Below is a listing. Set down exactly the lines from the one containing "Da Indossatrici a" through the one containing "精致 旅游名胜 图标 矢量 素材图片 巴黎铁塔 金字塔 泰姬陵 悉尼歌剧院 复活岛石像", both ends included, and leave out the rest.

Material provided:
= = = =

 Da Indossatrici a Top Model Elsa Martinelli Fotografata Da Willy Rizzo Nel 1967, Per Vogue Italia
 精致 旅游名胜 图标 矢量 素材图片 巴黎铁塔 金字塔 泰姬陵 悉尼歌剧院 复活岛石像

= = = =

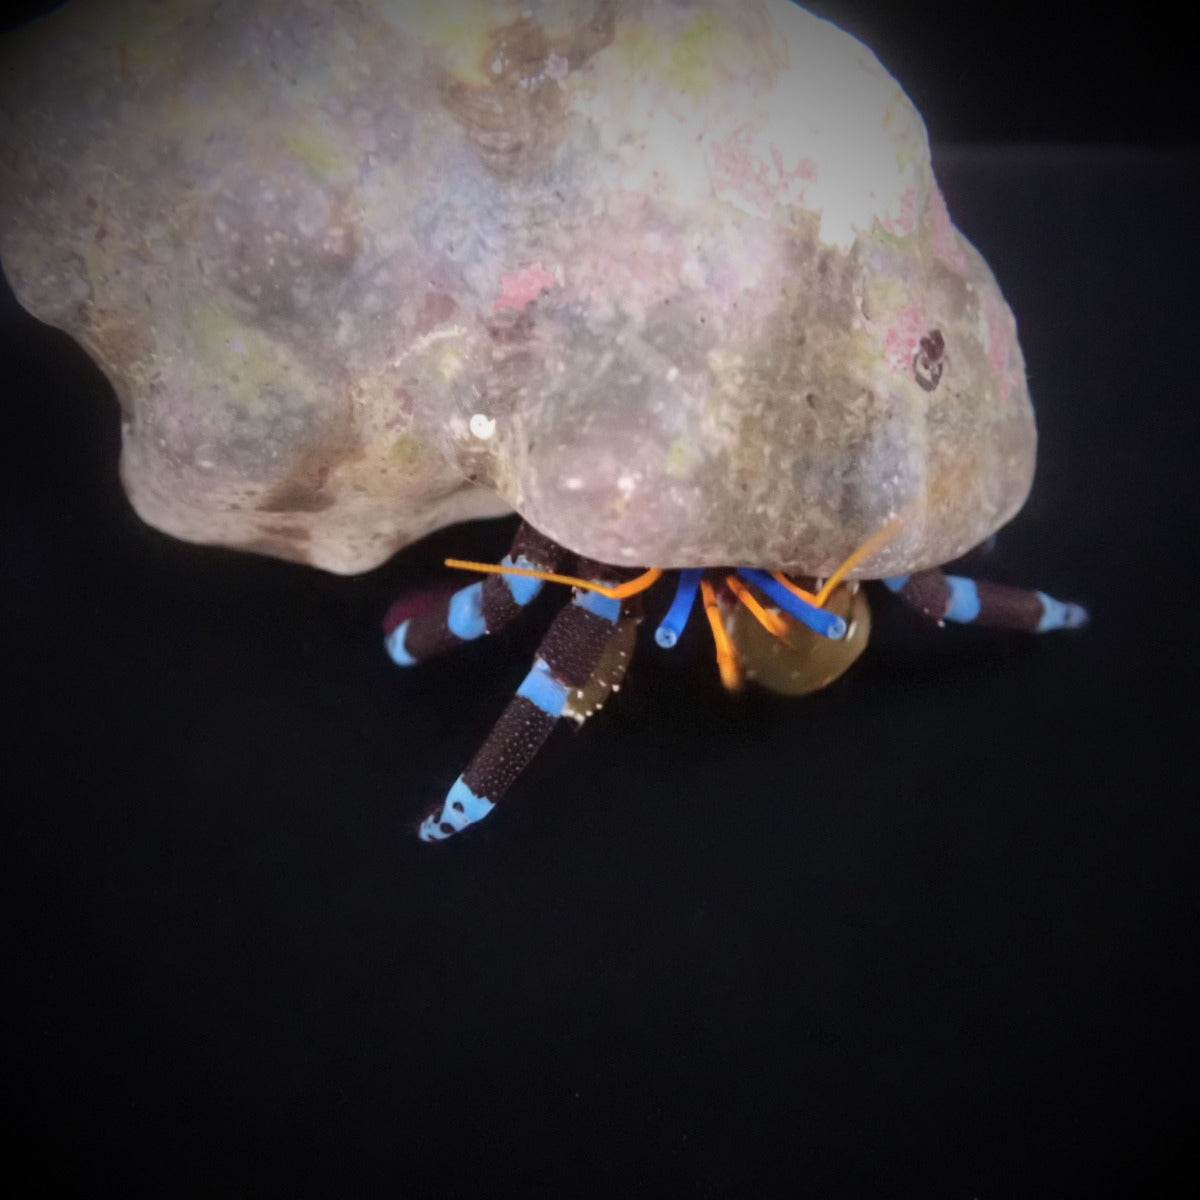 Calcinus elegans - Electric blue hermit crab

= = = =

Task result:
 Da Indossatrici a Top Model Elsa Martinelli Fotografata Da Willy Rizzo Nel 1967, Per Vogue Italia
 精致 旅游名胜 图标 矢量 素材图片 巴黎铁塔 金字塔 泰姬陵 悉尼歌剧院 复活岛石像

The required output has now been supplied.